To understand these masculine and feminine traits as somehow ‘fundamental’ to the genders is simply nonsensical. Yes, there is probably a greater proportion of men than women who embody certain masculine traits, but this is a surely a general trend, not a fundamental disposition. To argue otherwise is to label those women who embody traditionally masculine tendencies and those men who embody traditionally feminine tendencies as somehow wrong – as ill-formed and ill-created.

It’s worth acknowledging here that there are certain differences in the experiences of the sexes – moments unique to each gender – that can be intensely formative to their emotional development. Child-birth is an obvious example of an experience that can profoundly affect the dispositions and attitudes of those who experience it, but even here I fail to see how this experience is in any way fundamental to female nature. To make that claim would be an insult to women the world over. It might be a uniquely female experience, but child-birth is by no means universal to women, and it surely affects different individuals in different ways.

A slightly different line is needed when it comes to the physical natures of the genders. Without being crass, there certainly are definite physical differences between the male and female bodies. And yet if this is all that complementarily has to root itself in – physical differences relating to the production of children and the like – then its a fairly basic and rudimentary complementarity that has no bearing on the social roles of men and women. Nor should it have much of a bearing on the complementarily of men and women in marriage, unless we’re going to make the physical act of reproduction a fundamental aspect of marriage itself (which is where Catholics get let somewhat off the hook, even if they find themselves caught on another line).

It’s also worth pointing out that there are many in this world who don’t fit comfortably into a binary understanding of physical gender – particularly those who exhibit male and female sex characteristics from birth. Although fairly rare, their presence is a reality that should not be ignored. If we insist on making gender somehow fundamental to our natures, then where does this leave them? Trapped in gender limbo for all eternity?

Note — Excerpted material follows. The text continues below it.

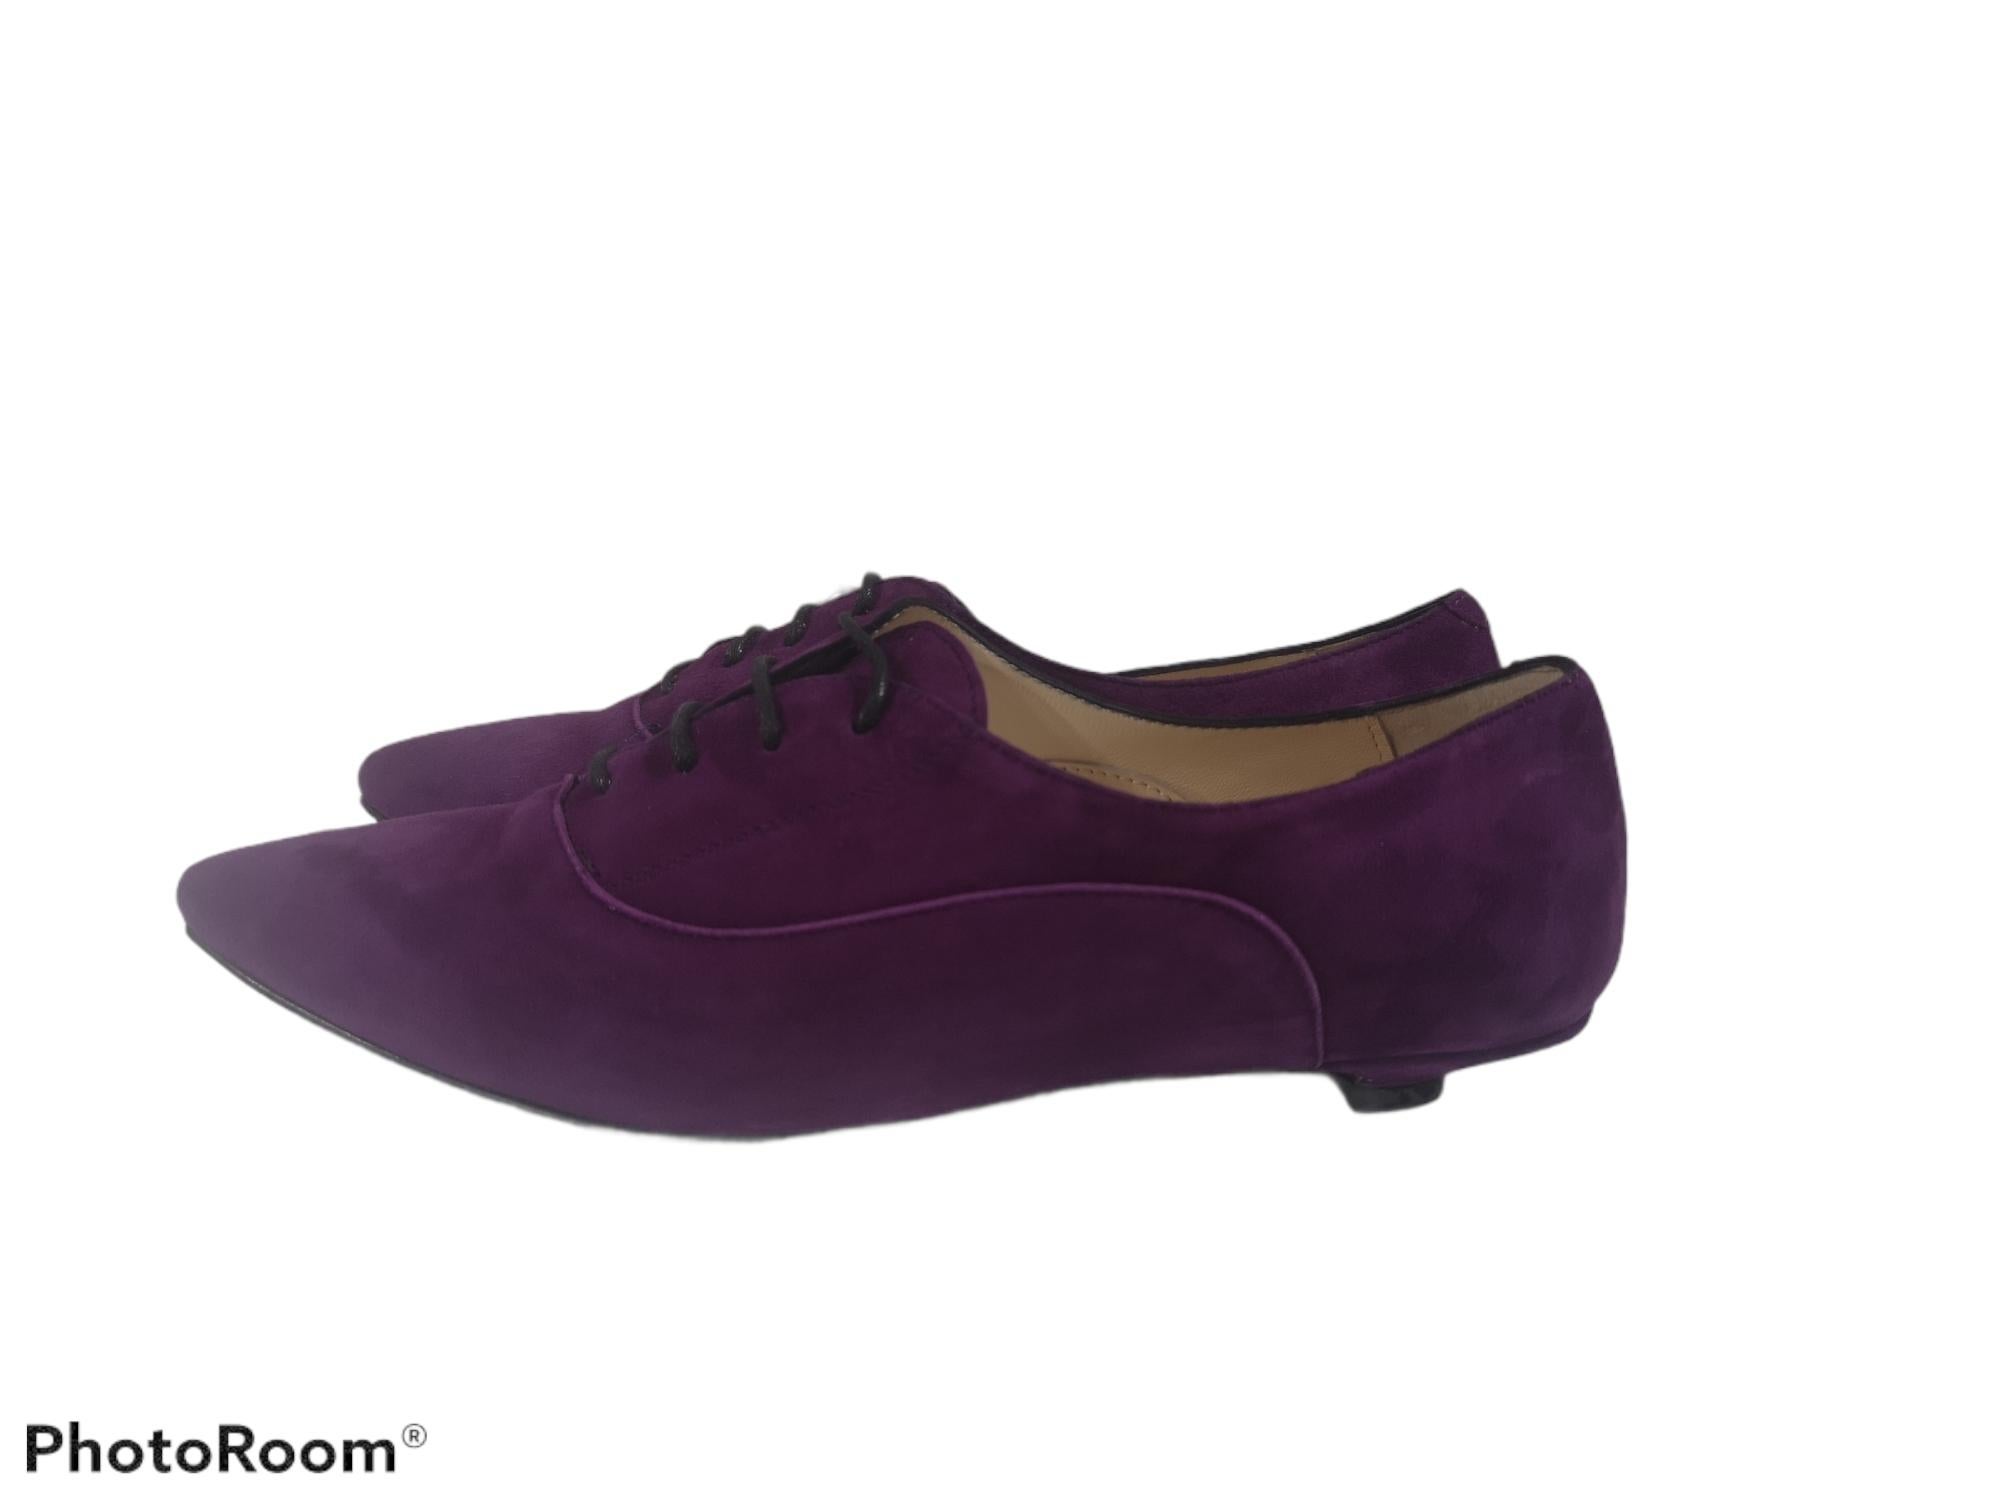 Black Purple suede ankle boot NWOT

In the end, I fail to see how we can honestly maintain the belief in a fundamental complimentarity between the sexes that is anything more than skin deep. We’ve been raised to think that men are from Mars and women are from Venus, but in these days of greater gender equality and freedom, these coarse stereotypes simply don’t add up. Hormonal differences and social influences may contribute to different tendencies in the emotional disposition of men and women, encouraging masculine traits in men and feminine traits in women, but there is nothing fundamental about a tendency. The cross-over is enormous, and there is a huge variety of other external factors that can influence us in similar ways.

To finish, I want to be careful here and clarify what I am not saying. I’m not saying that we need to do away with the concepts of masculinity and femininity altogether. Rather, I’m saying that we need to hold them with an open hand, recognising that they are by no means ‘fundamental’ to their respective genders. Neither am I saying men should deny their masculinity, or that women should deny their femininity in the name of some bland and boring gender homogeny. Rather, I am suggesting that we need to embrace the enormous variety in our expressions of gender, and to stop demanding that men and women conform to our heteronormative constructions. And however much we protest, a position that sees a fundamental complementarity between the genders inevitably demands such conformity.

I’ll return to the issue of gay marriage more thoroughly in my next post, but for now let me say that I fail to see any secular reason for arguing that marriage should be exclusively reserved for heterosexual couples. From an empirical perspective, heterosexual marriage fails to provide assurance of any complementarity apart from the physical act of reproduction – and even here there are plenty of heterosexual couples who struggle. Ultimately, there is no basis for claiming that men and women are a naturally occurring yin and yang – two halves of a whole. And nor should we expect them to be.